For much of the 20th century, milk was a simple part of daily life in the U.S, as farmers raised cows, milkmen delivered bottles and children drank it at school. But those days are fading.
America has fallen out of love with drinking milk, as lower-calorie options have increased and people are replacing water bottles with milk cartons. Americans each drink an estimated 146 lb. of fluid milk in 2018, according to the USDA's Economic Research Service. That may sound like a lot, but it's down by 26% just since 2000.
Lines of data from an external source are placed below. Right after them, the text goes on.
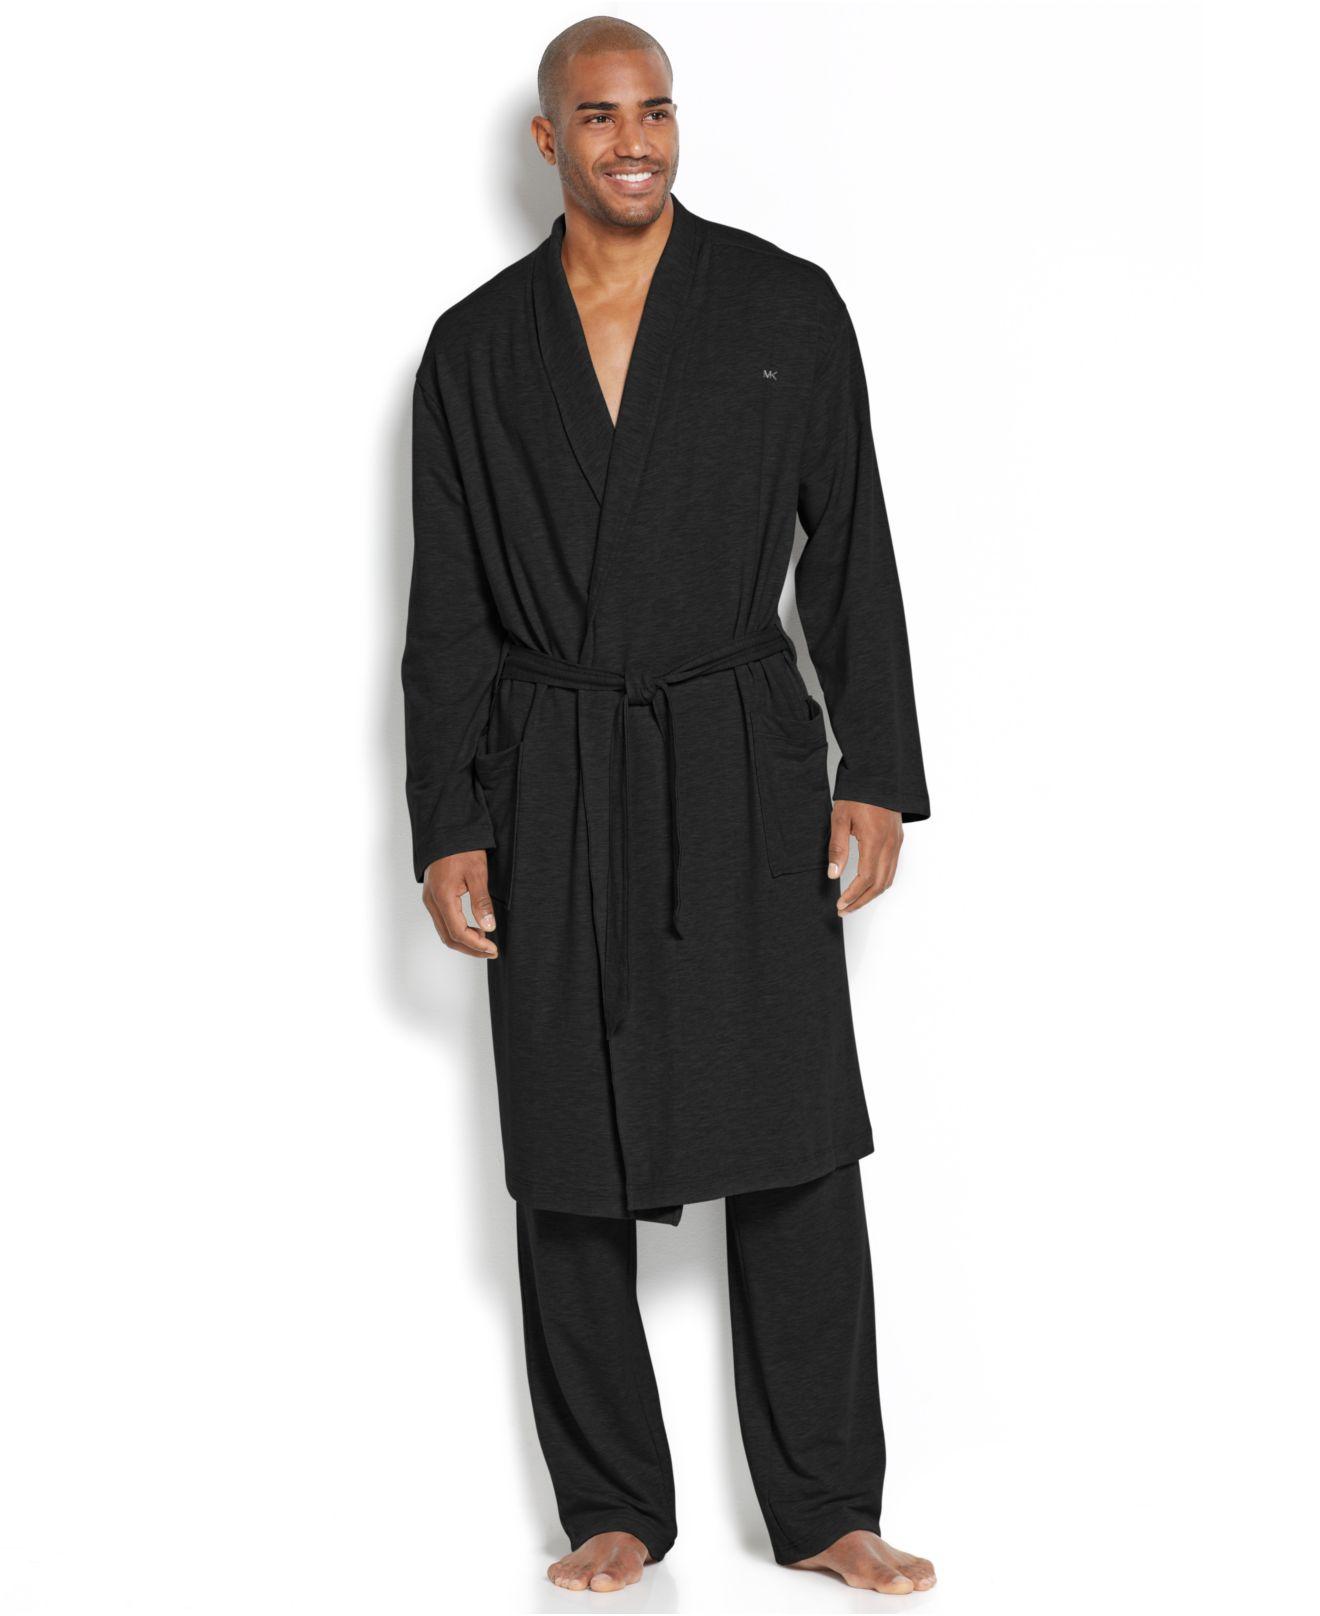 14495076f1 Lyst - Michael Kors Men S Modal French Robe in Black for Men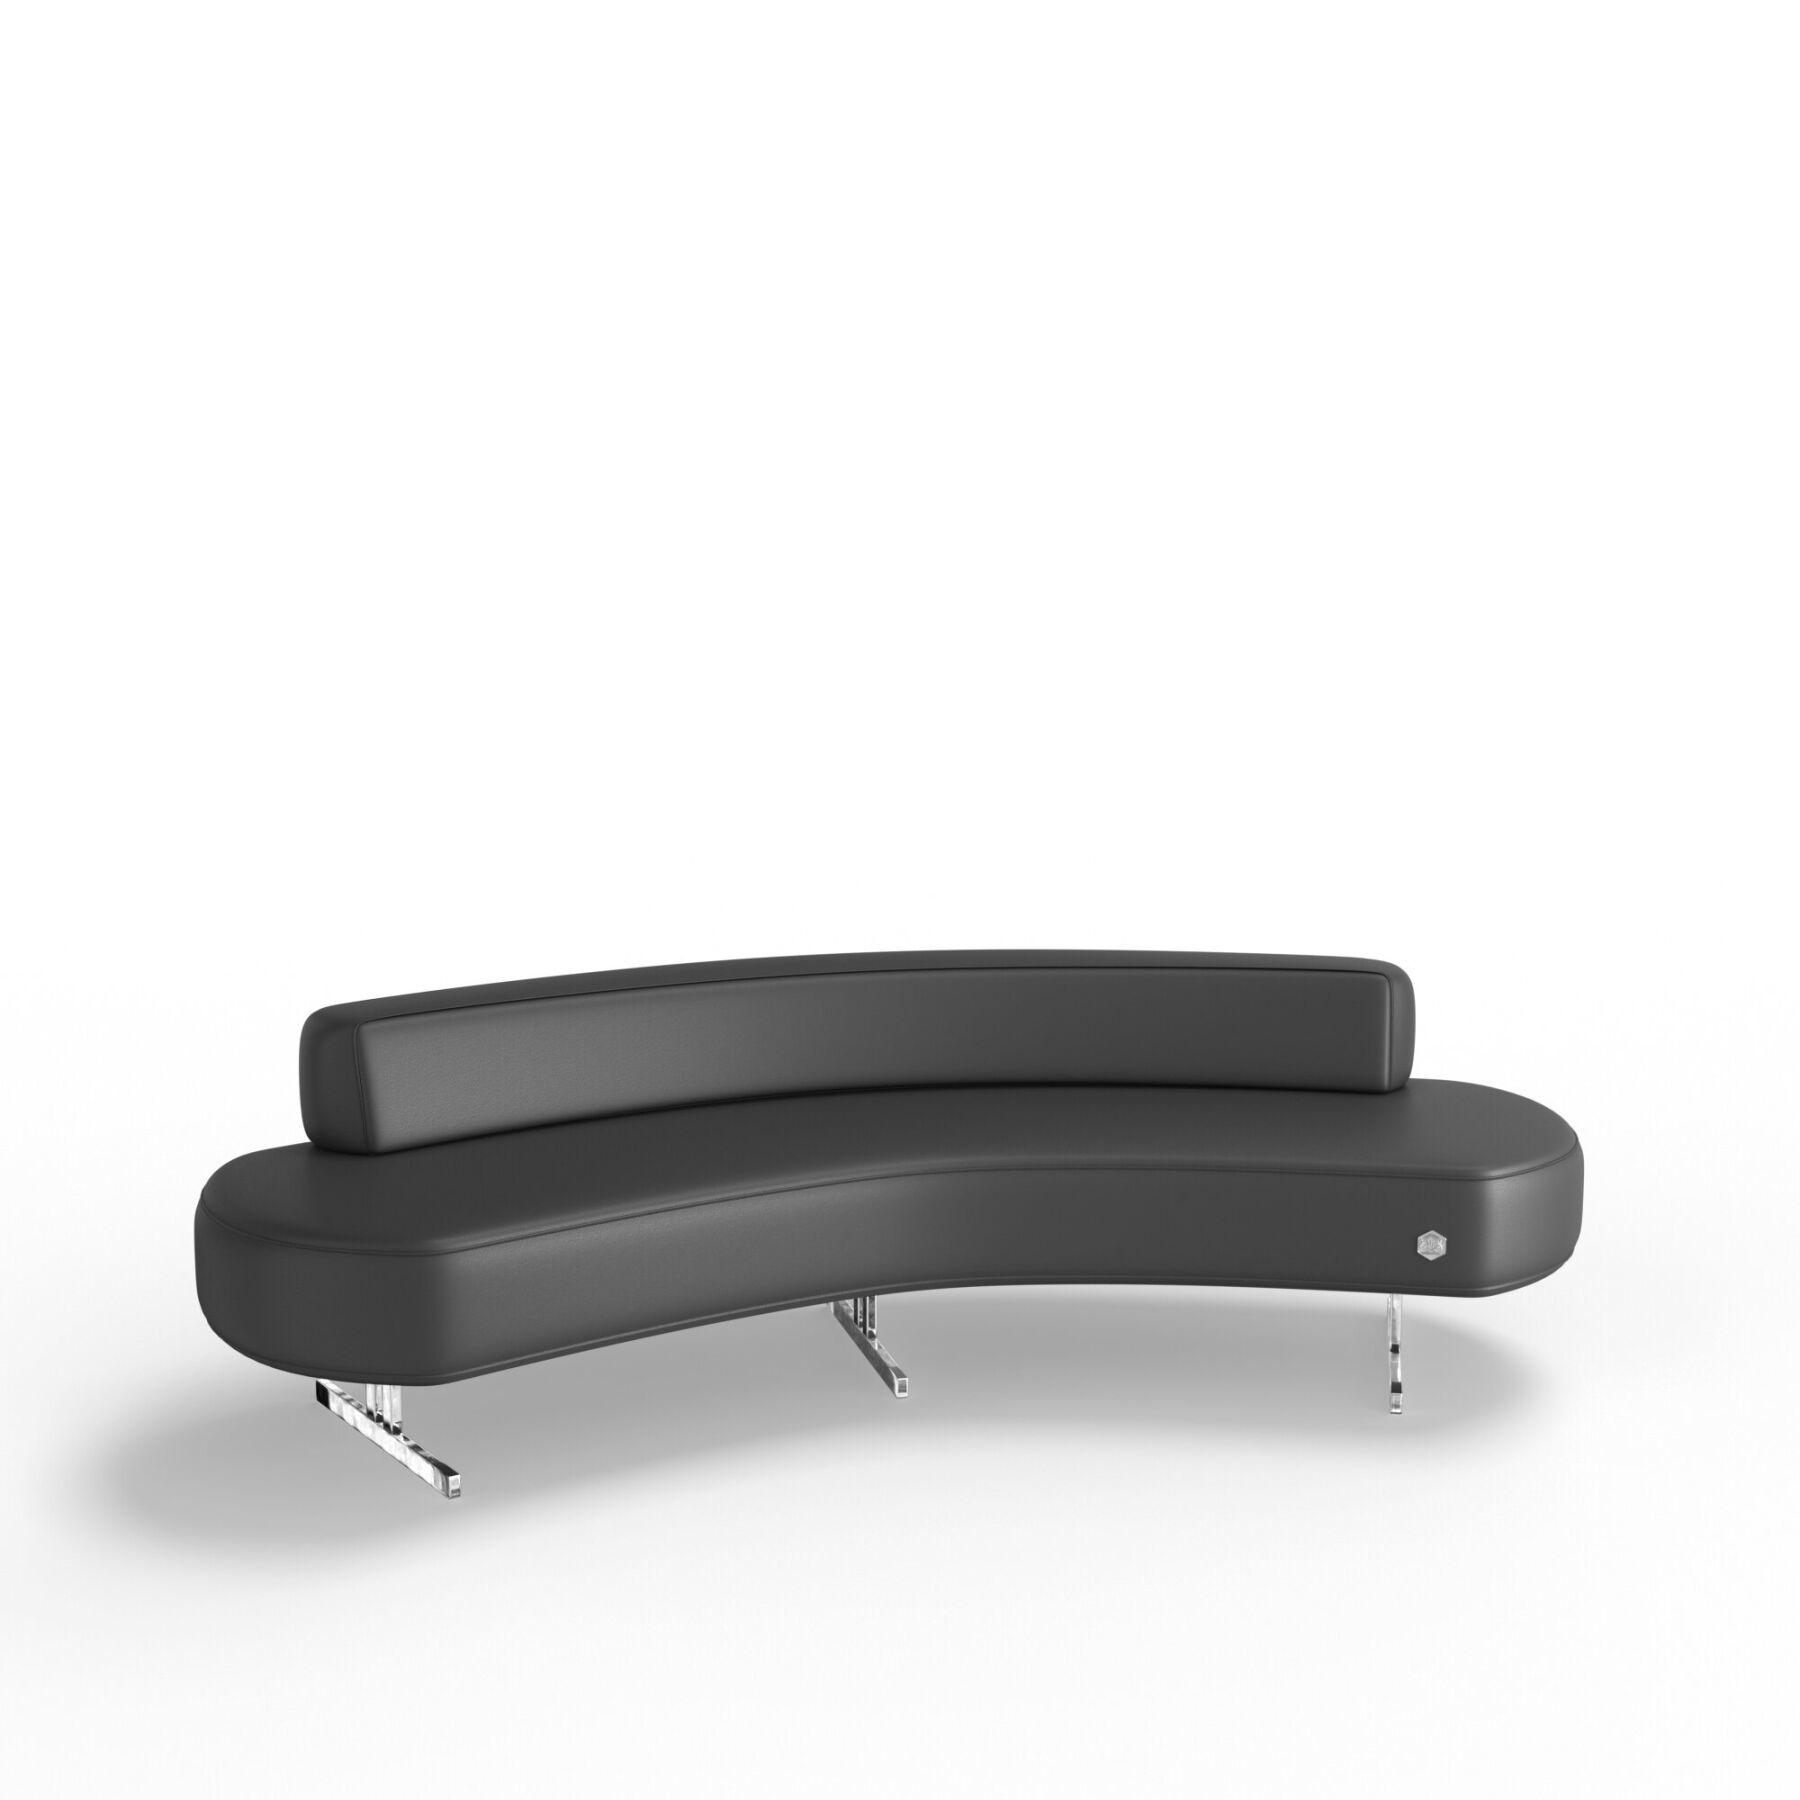 Трехместный диван KULIK SYSTEM FLEX_25 Кожа Целый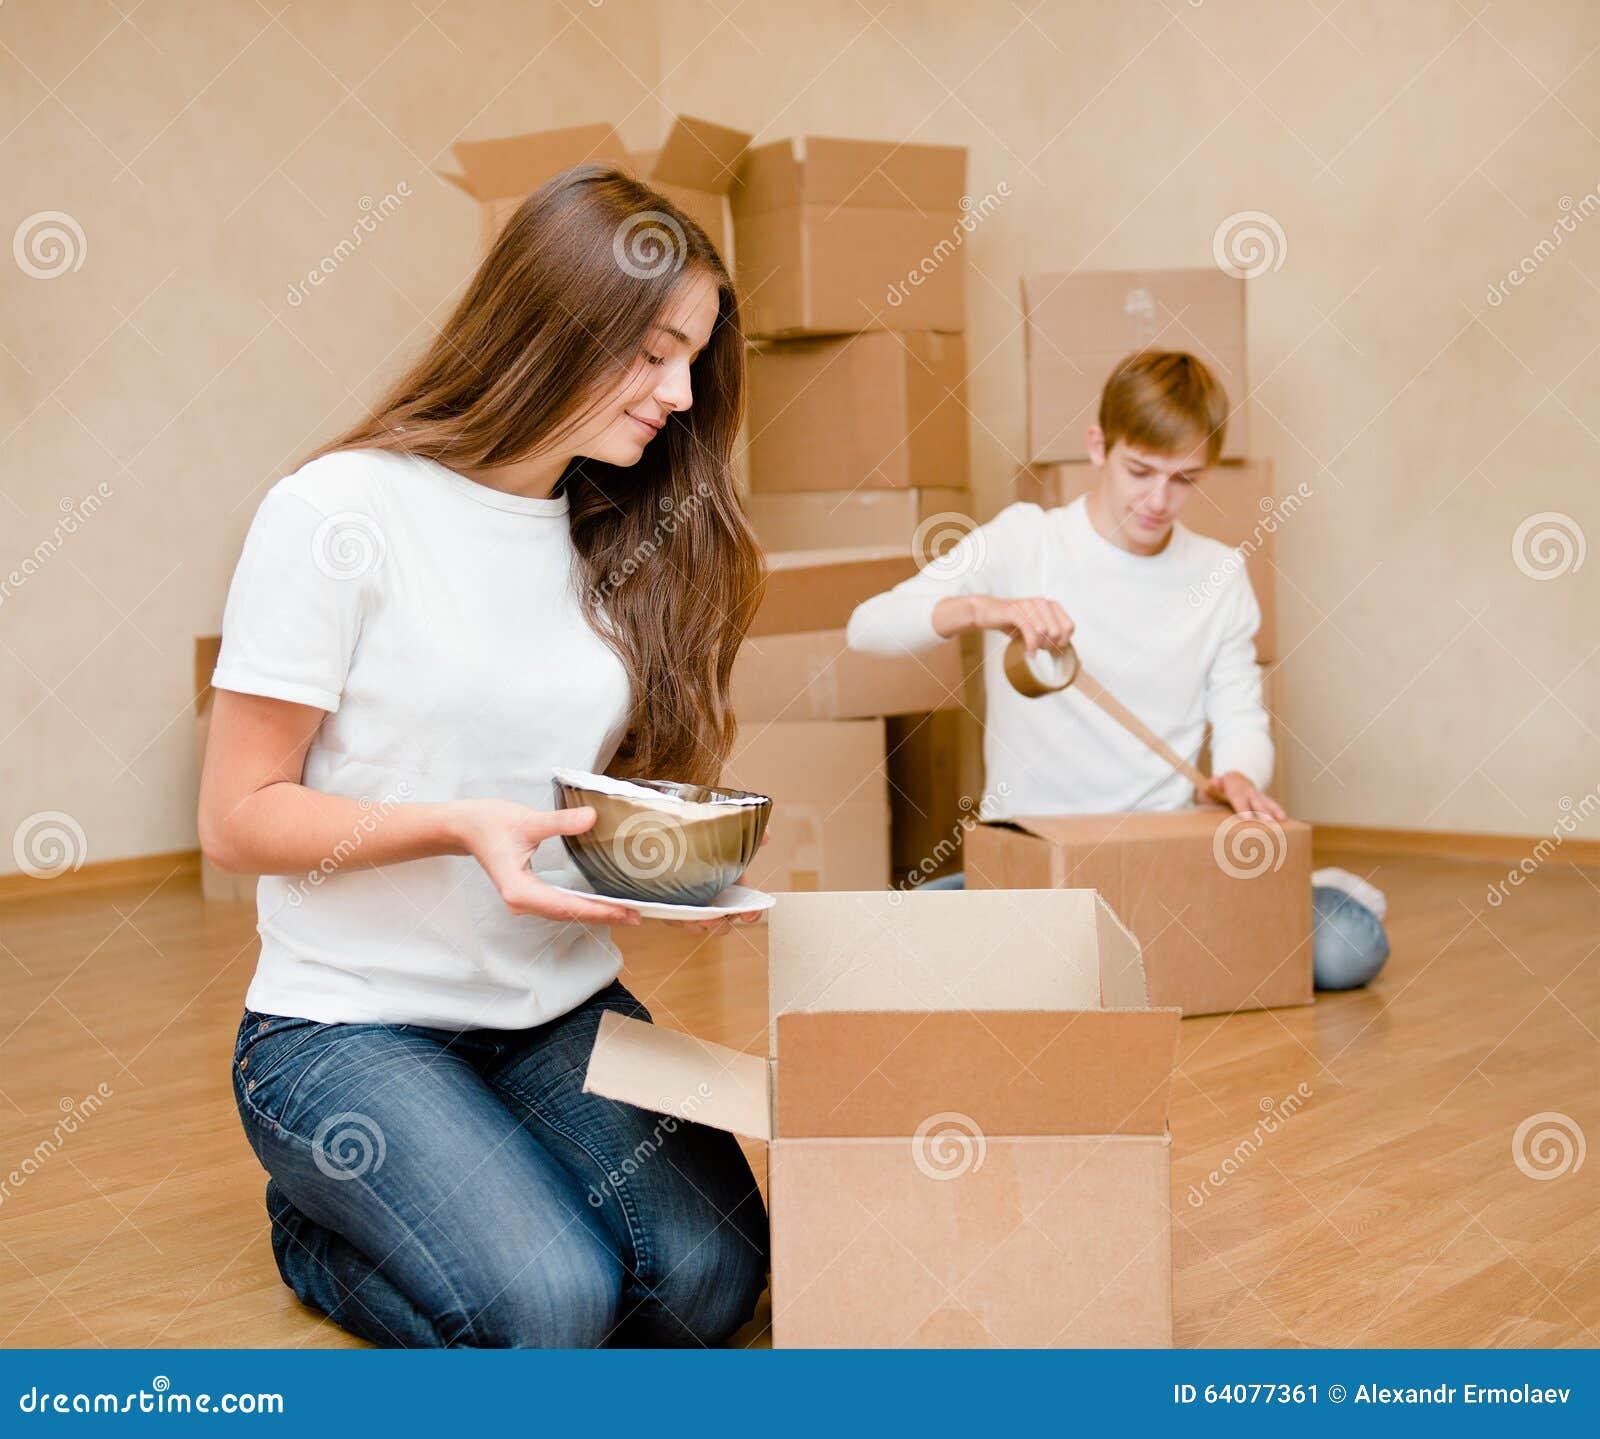 Junges Paar Setzt Sachen In Pappschachteln Für Das Bewegen In Ein ...

The downturn has been tough on dairy processors like Borden and Dean, which buy fresh milk from farms and use techniques like pasteurization (巴氏杀菌) to create a consumer-safe drink with a longer shelf life. For the past five years, thanks to technology that increased milk production, fresh-milk prices were relatively low, which meant processors could still earn some money even despite the decreasing demand. But prices began going up again last year, squeezing the processors' already tight profits. "Declining sales in a thin-profit business is not a good recipe for success," says Mark Stephenson, director of dairy policy analysis at the University of Wisconsin.
Milk processors are also facing competition from big retailers, which have set up their own processing plants. In 2018, Walmart opened a milk-processing plant in Indiana to serve hundreds of stores in the Midwest, taking away approximately 95 million gal of milk-processing business from Dean Foods.
On the other end of the supply chain, dairy farms are facing trouble of their own. The low prices left small farmers struggling across the industry. The number of farm bankruptcies (破产) in 2019 was up by 4% from the previous year. "We're trying our best to hang on," says Mary Rieckmann, a dairy farmer in Wisconsin whose family has turned to GoFundMe to keep their century-old farm running.